The House of Mirth

The House of Mirth
March 3rd 2024

Lily Bart (Gillian Anderson) emerges from the steam plume of a passenger train. An opening caption places her in “New York, 1905.” She’s there on business: finding a husband. Without wealth of her own, Lily is a career bride-to-be, a socialite made baldly opportunistic by necessity as much as habit. Hers is a thankless vocation at the turn-of-the-century, when the stock market’s thrills had begun to overshadow old money’s stale ministrations. Maybe there are other ways to live? Lily suspects so, but doesn’t know any. She tries and fails to secure a lucrative match, making bad bets while her capital runs low. By the end, she finds herself disgraced, friendless, and dead. Another caption punctuates the long and static final shot: “New York, 1907.” It’s the future but the world looks the same, like a scene from a Singer Sargent painting.

Penned in 1905, Edith Wharton’s The House of Mirth was a vivisection of the late Gilded Age’s leisure class, which had become pettier and more squeamish due to the rise of modern industry and the nouveau riche. At that moment, Wall Street’s self-made men were an affront to bourgeois social tradition or, as Lily’s aunt (Eleanor Bron) puts it, “in very bad taste.” But they were as inevitable as locomotives and almost as fast. (They were also, as Wharton knew, no real threat to the old guard, who quickly incorporated them.) It’s no accident that the film first gives us Lily at the site of modernity’s originary shocks—the train. She is one such jolt: a new woman caught up in an old style, or vice versa. Lily wants to gamble like a self-made man, like Walter Benjamin’s modern subject who throws dice while the factory worker labors, with no sense of how one gesture connects to the next. Her tragedy is that, being none of these things, it all connects. It’s her bridge debts, and her attempts to mend them through scandalizing stock investments, that ultimately lay her low. Eventually, jolts are engineered out of new technology. That’s how we get forward movement without friction.

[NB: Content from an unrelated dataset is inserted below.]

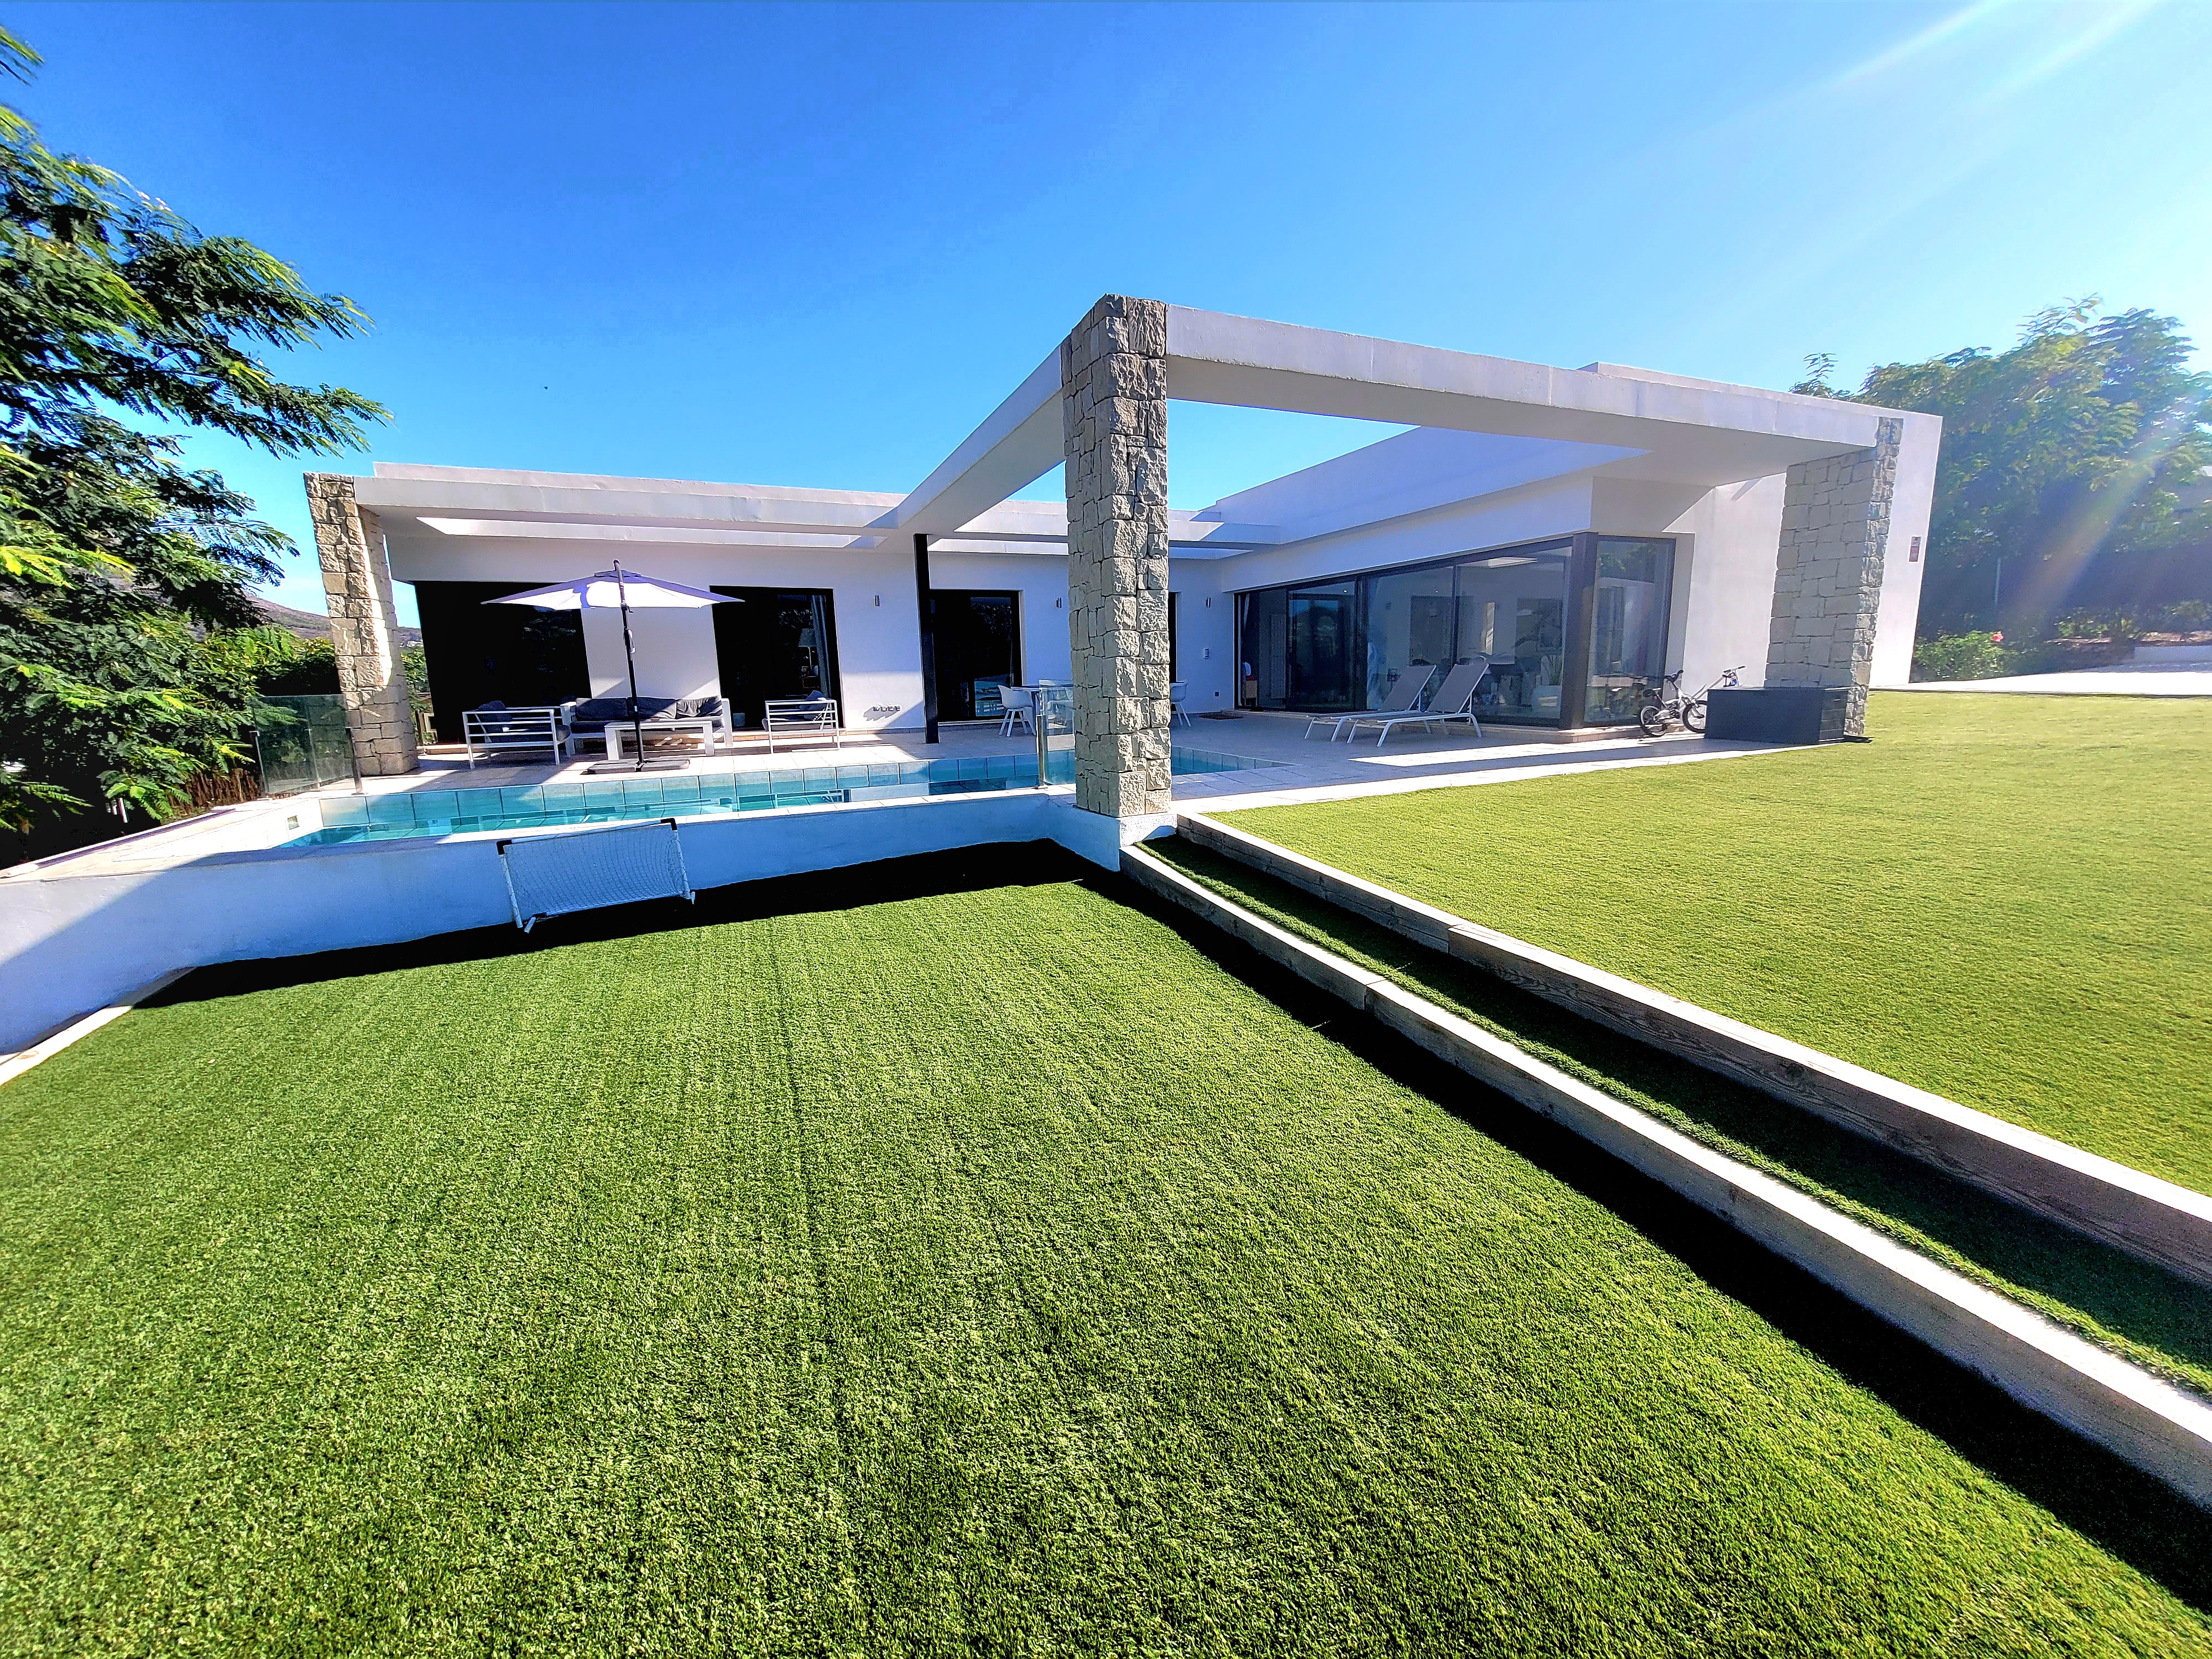 Luxury villa with 5 bedrooms and private pool

Wharton wrote that there were “two selves in [Lily].” In her performance, Anderson understands this well. As The X-Files’ (1993-2002) sober Dana Scully, she was often called upon to ground a moment in a micro-gesture. Absurd scenarios (aliens stealing someone’s child) became affecting (aliens stealing someone’s child) based solely on the way she blinked. Here, she telegraphs Lily’s fundamental at-odds-ness in two minor vocal registers: an overmannered mezzo and a guttier whisper that suggests she can stomach much, but not everything. Early on, she answers an ill-advised invitation from Lawrence Selden (Eric Stoltz), an unsuitable bachelor to whom she’s painfully attached, with a single line and a lift of her eyes that suggests an entire character study. In Terence Davies’s reserved directing style, the moment is arresting: the camera comes close and Anderson quarter-turns into it, evoking Winona Ryder’s assertive epistolary address in Scorsese’s comparatively bombastic The Age of Innocence (1993). She says, “I’ll take the risk.” Playing small is a hard thing; it’s what Lily never masters. But Anderson blinks, or smokes a slow cigarette, or snaps her wrist just a shade too hard to catch an extra drop of chloral—and it’s the little things, really, that get us in the end.

The House of Mirth screens this evening, March 3, at the Museum of the Moving Image on 35mm as part of the series “Snubbed 2: The Performances.”